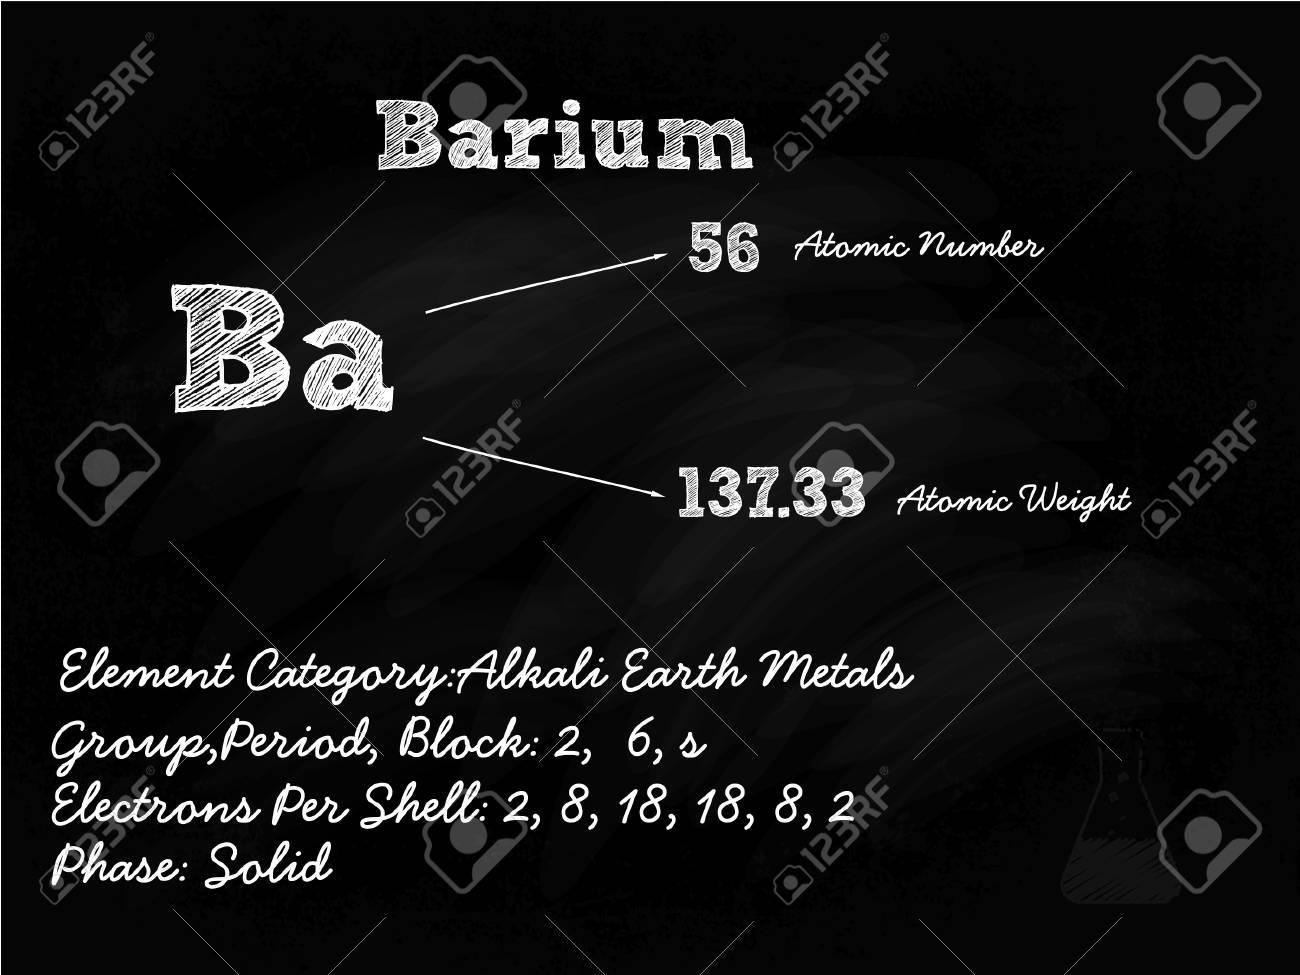 Barium symbol illustration on blackboard with chalk royalty free barium symbol illustration on blackboard with chalk stock vector 22171211 biocorpaavc Images
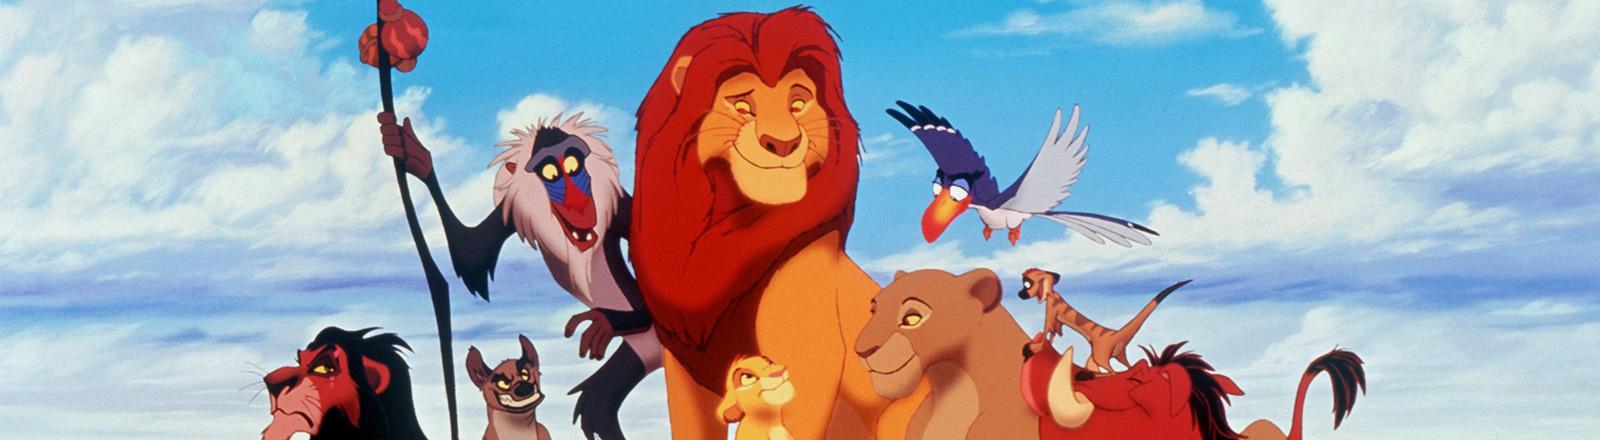 Szene aus dem Disney-Film König der Löwen
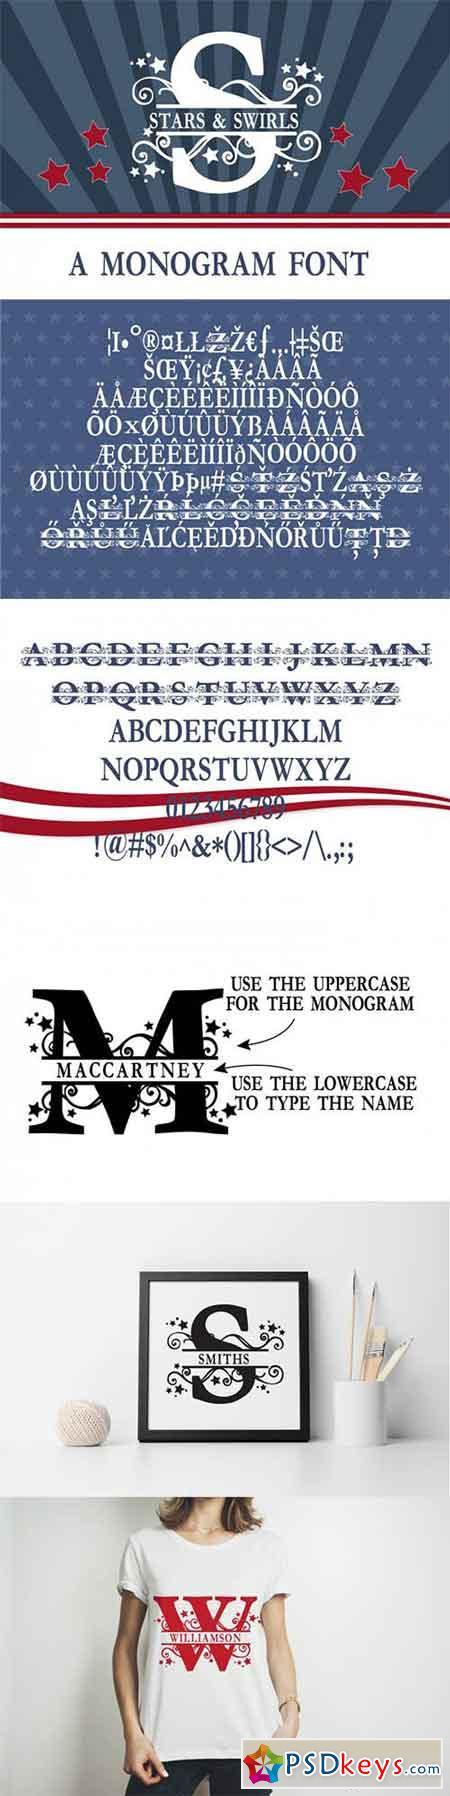 PN Stars & Swirls Monogram Banner Font 3463764
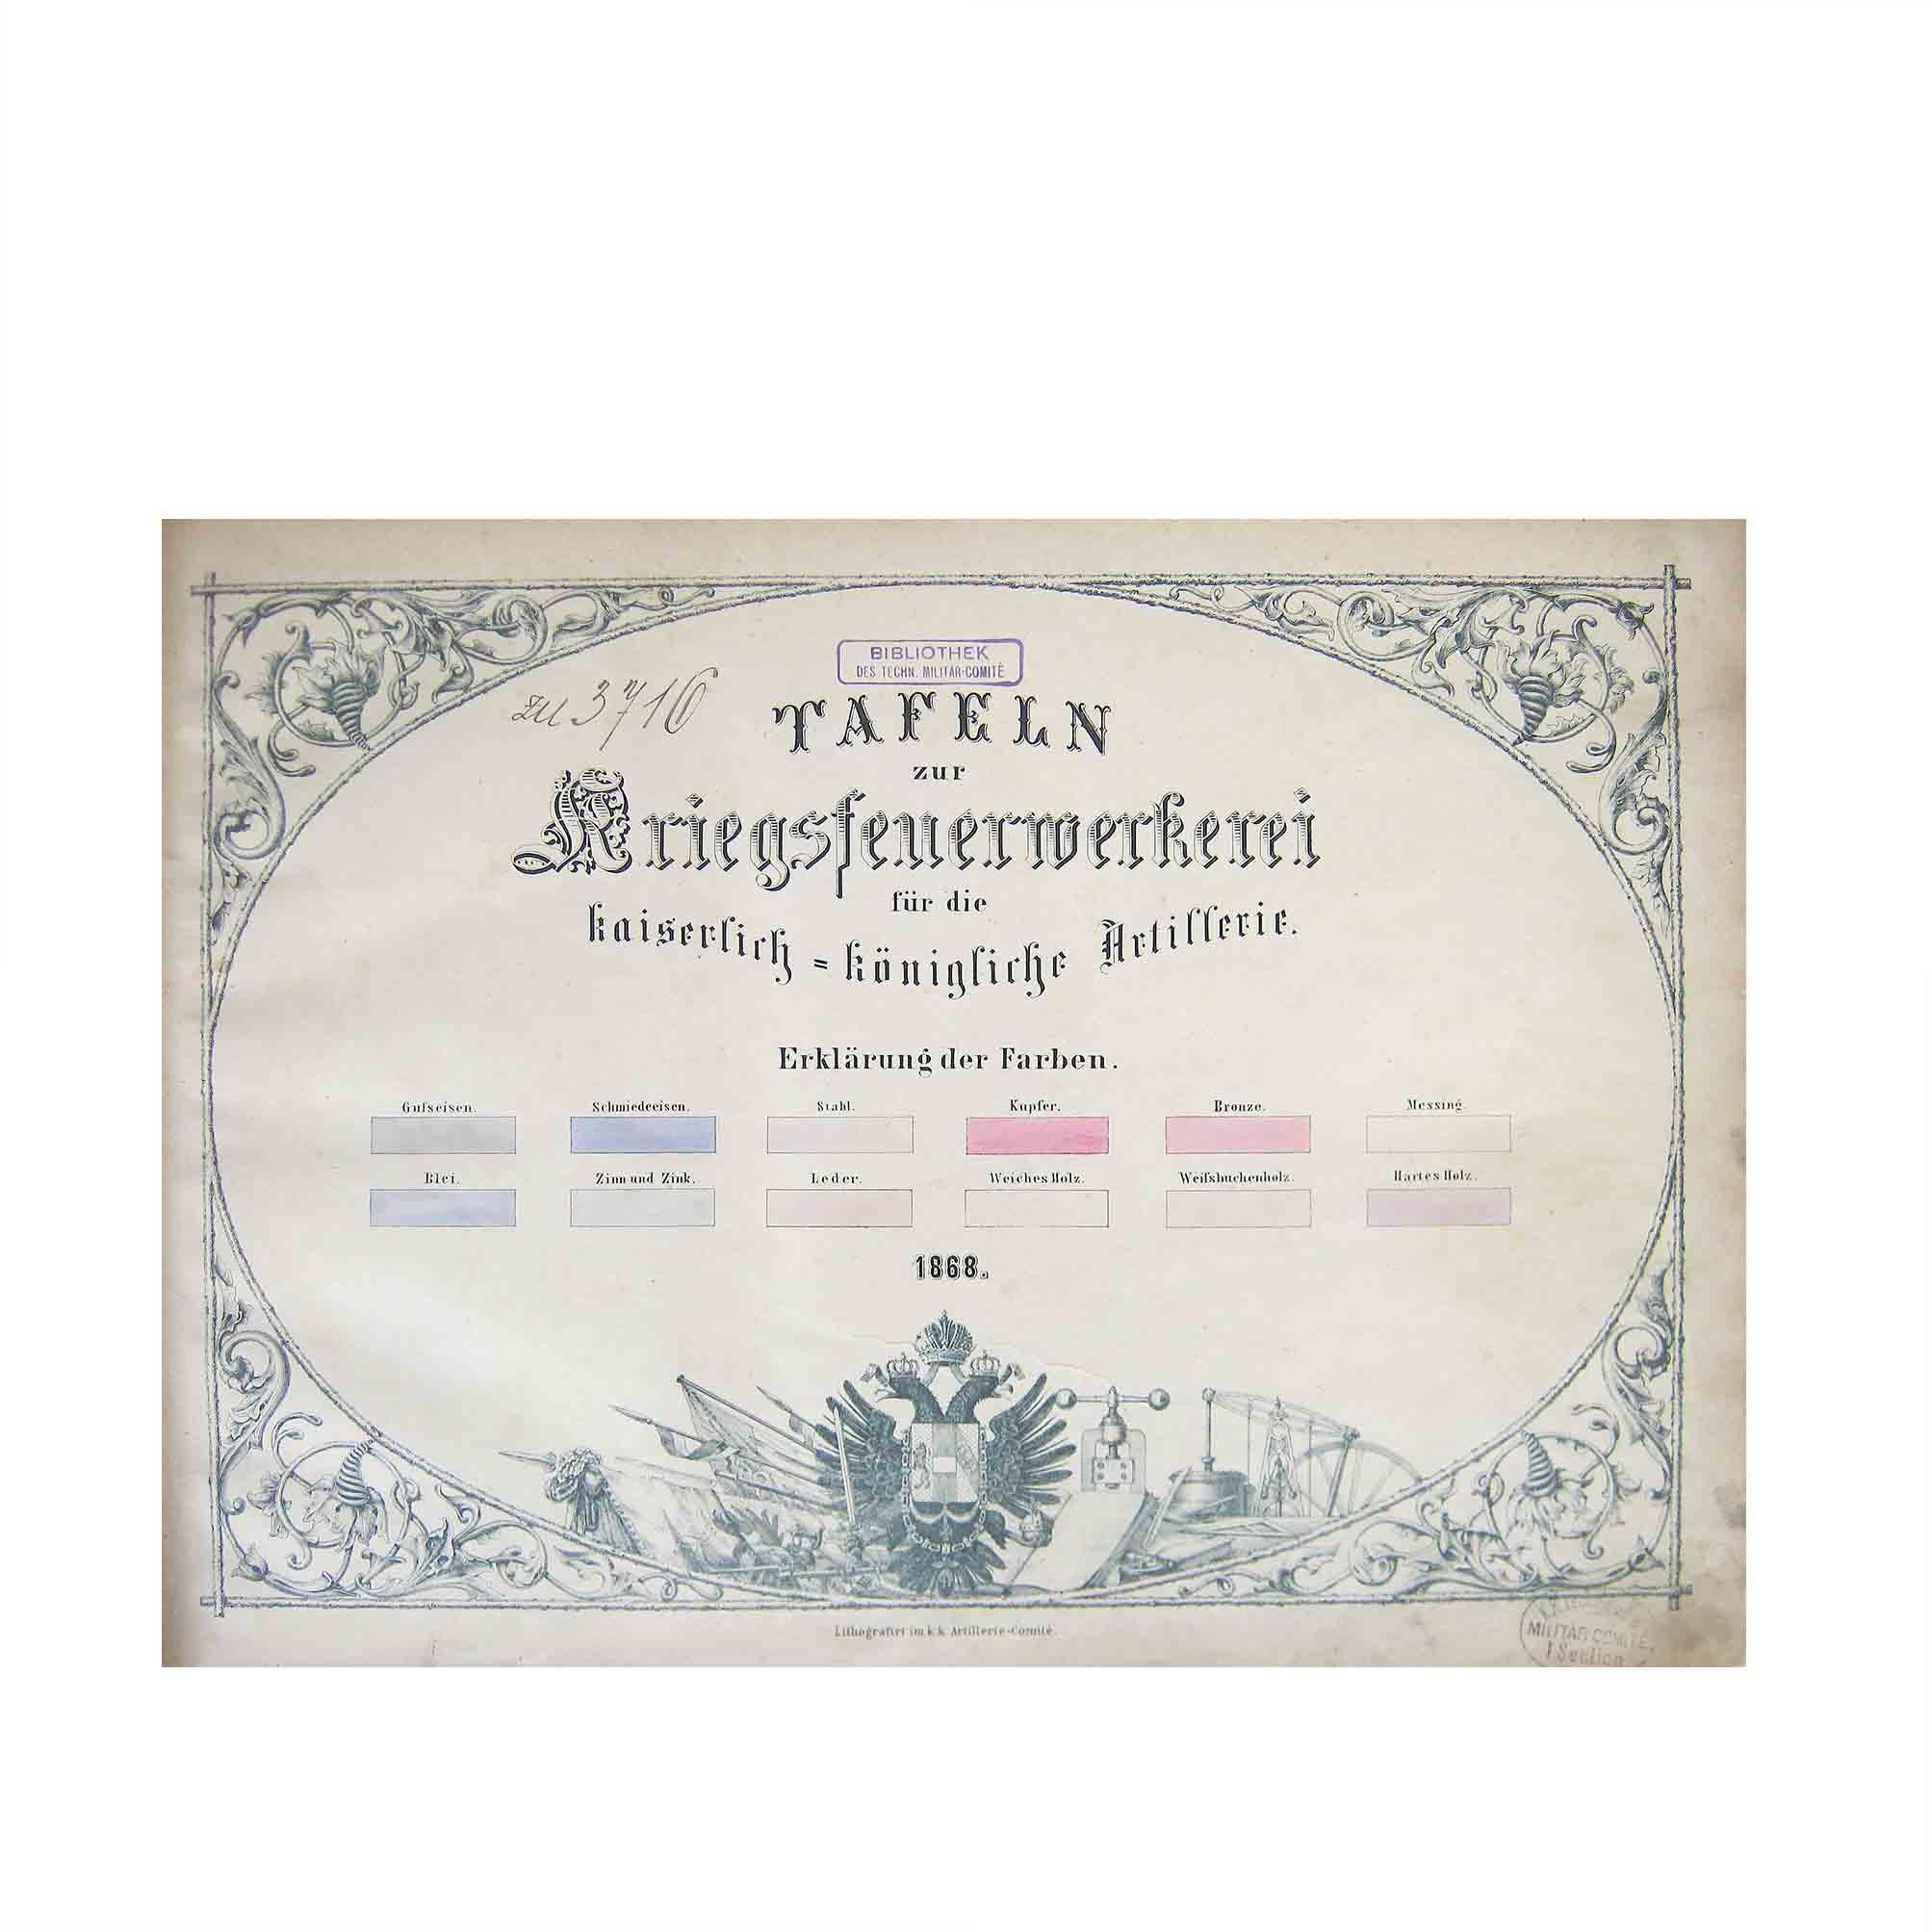 5502-Tafeln-Kriegsfeuerwerkerei-1868-Titel-A-N.jpg
::::::
# [REQUIRED WORK]
Your reply should contain only an exact copy of the lines from the beginning of the material through the line with "PN Stars & Swirls", both ends included, with the pictures removed.

# [OUTPUT FOR THIS EXERCISE]
 Barium symbol illustration on blackboard with chalk royalty free barium symbol illustration on blackboard with chalk stock vector 22171211 biocorpaavc Images
 Szene aus dem Disney-Film König der Löwen
 PN Stars & Swirls Monogram Banner Font 3463764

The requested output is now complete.